I don't vouch for Wikipedia, and they haven't sourced this. But this is what I get from their entry on "Michael Dukakis":
During this time, his 17-point lead in opinion polls completely disappeared as his lack of visibility allowed Bush to define the issues of the campaign.
They also have a variety of trend-plotting graphs that are updated every day or so here.
In point of fact, Obama did better in the primaries than the polls predicted. There were exceptions in specific states (NH being the most notable), but for the most part Obama beat his polls. The connection to his vaunted turnout operation is speculative, to the best of my knowledge, but not an unreasonable hypothesis.
Who hacked Ace's password and posted the substantive, civil comment?
I know many conservatives who do not believe in answering poll questions. Period. I know some University-town liberals who make a great point of trying to go through the line of exit polls again. Of course, I have know way of knowing if the attitudes of the people I know and observe are in any way representative...
Which was early in the summer of 1988. This late in the game a consistently maintained lead, even a small one, does start to be moderately predictive of the election.
Re: 4.5%? That's a disaster in the making for the Dems
Unless you've invented new laws of arithmetic, 4.5% is a pretty respectable lead and absent some highly improbable electoral college shenanigans, it would be a victorious margin on election day. George W. Bush won in 2004 with a smaller lead than that.

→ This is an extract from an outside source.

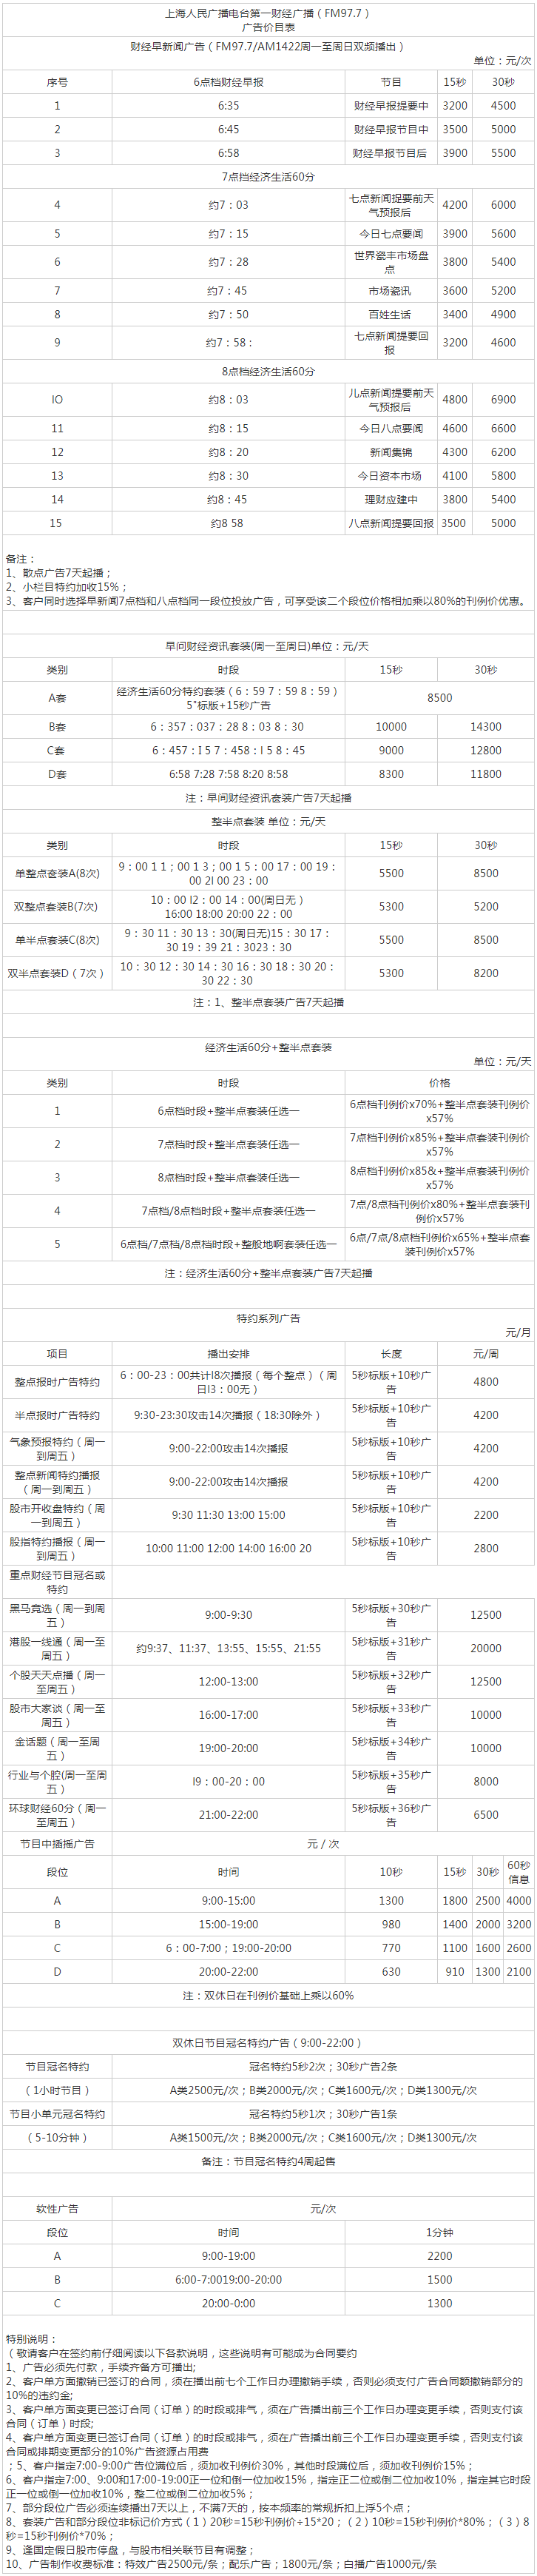 2012上海人民广播电台第一财经 AM1422_FM97.7广告报价表.png

Re: If Palin somehow energizes her base more than we expect,
Energizing a base does not win elections (though it may help fill the campaign coffers). Unless people are so energized they are doing something illegal, like voting, multiple times, an "energized" vote counts the same as a dispirited one. Now let me spell it out for the Right: McCain is blowing this election by toeing the Party Line. To win this one, he needed to pull a Nicholas Sarkoszy stunt and run against George W Bush-- hard against him. Yes, he would need to keep the SoCon stuff (pro Life etc.) because he does need those voters. But he should have come up with some sort of Nixonian plan to bring "Peace with Honor" while bringing the troops home, maybe even pulled an Ike by promising to go to Iraq and make a quick end to that war. And he should be highlighting his differences with Bush on taxes, global warming etc, and promising more of the same. Maybe he should even come up with a Heritage Foundation, Romneyesque plan for universal healthcare. McCain likes to poses as a new Teddy Roosevelt, but so far he falls way short. TR was a GOP progressive. McCain is offering the same old tired ideas along with bondage to the same old special interests and power brokers. He needed to be bold and radical this year-- a lot more bold than just picking an obscure women governor for VP. The GOP can have either the White House or it can have knee-jerk allegiance to the failed ideology of the past. It cannot have both. The GOP is where the Dems were thirty some years ago: they had reached the end of FDR's legacy and could no longer run against Hoover and the Depression. The GOP is at the end of Reagan's legacy, and can no longer run against Jimmy Carter and the 60s.